Enoch Brown School Massacre Of 1764


The school massacre didn't start with Columbine. US The first recorded mass murder at a school in history occurred a dozen years before the founding of the United States, when four Native Americans retaliated against white settlers who occupied their land.

Pontiac War

When white settlers moved to the Great Lakes region in the 1700s, they brought turmoil to the Native American peoples who had made their home in the region for hundreds of years. In retaliation for the violence inflicted on his people, Chief Pontiac of the Ottawa tribe attacked British troops in what is now Detroit on May 7, 1763, starting a series of hostilities known as the Pontiac Wars that took place in Pennsylvania. and spread to the upstate. New York. Unhappy with the chaos, Pennsylvania Governor John Penn offered a reward in exchange for the skulls of Native Americans, and in the months that followed, bands of settlers murdered and found every Native American.

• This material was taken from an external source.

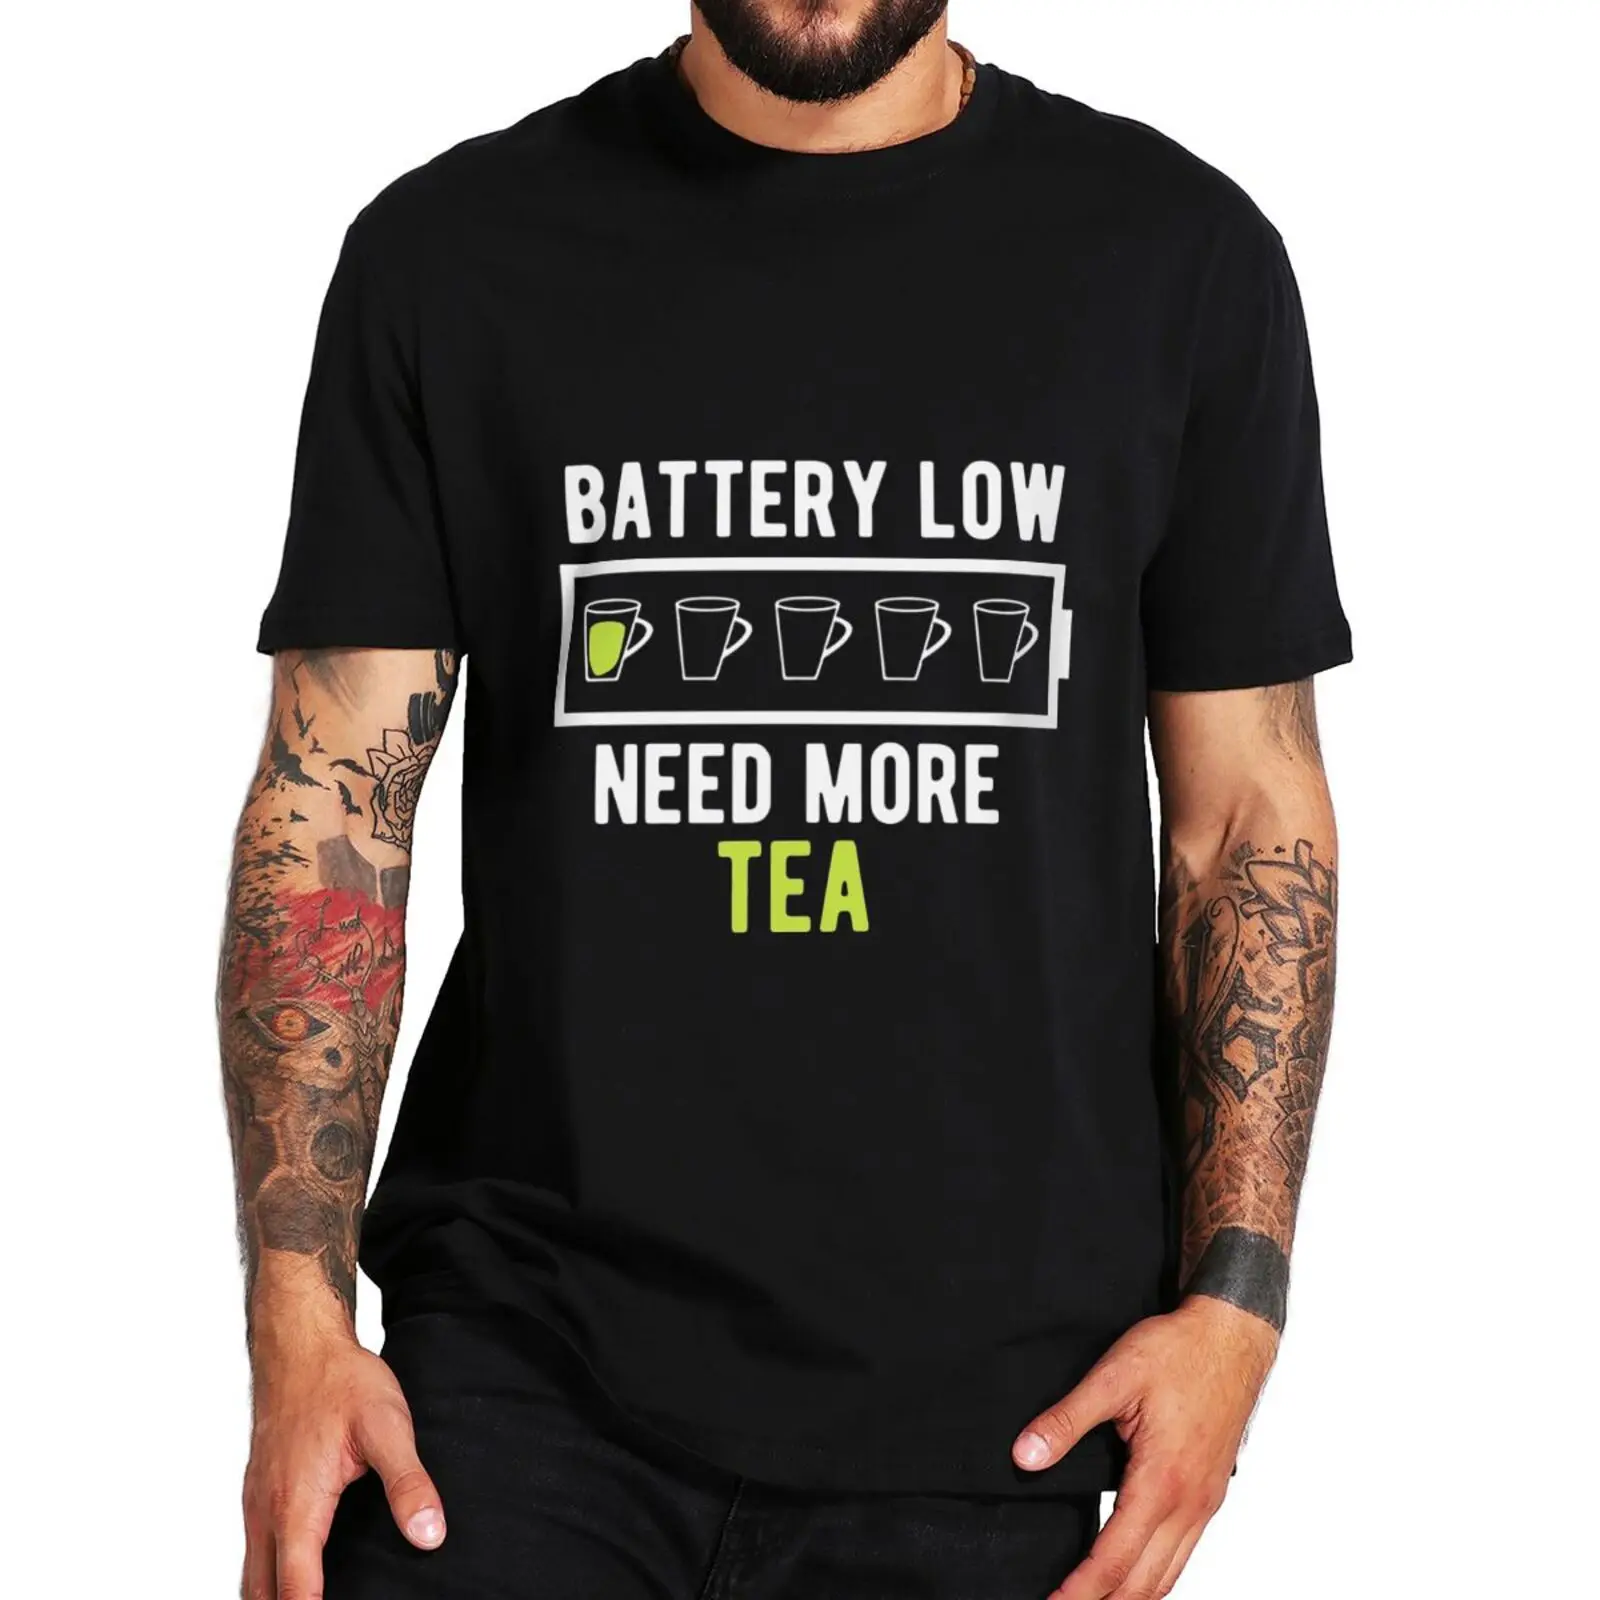 

Funny Low Battery Need Tea T Shirt Humor Sayings Tea Lovers Short Sleeve Casual Cotton Unisex Oversized T-shirts

Enoch Brown School Massacre

One of the most terrifying events of the Pontiac Wars took place on July 26, 1764. Earlier in the day, four Native Americans from a Delaware tribe stabbed a pregnant white woman to death, cut the fetus from her womb, and took her skull before it was set. For an isolated log schoolhouse near Greencastle, Pennsylvania. When the warriors broke into the school house, teacher Enoch Brown begged him to spare the students, but they caught him and then 11 youths.


Amazingly, a boy named Archie McCullough survived the massacre, most likely unconscious and presumed dead by the attackers before they left. When he awoke, he went down the hill to the waterfall, where schoolchildren often went to drink water, where many hours later passersby found him. After reporting what had happened, McCullough miraculously made a full recovery from his injuries.

According to reports of a white settler taken captive by the tribe at the time, the group of warriors returned to their village in Ohio, located on the banks of the Muskingum River, and proudly presented the collected skulls, but their chief was embarrassed to target them. Women and children did. Meanwhile, 10 students and their teacher who were killed days after the brutal attack were buried in a common grave. In 1885, a memorial was erected at the site of the grave to commemorate the victims of the first school massacre in American history, and the area around the monument was later named Enoch Brown Park.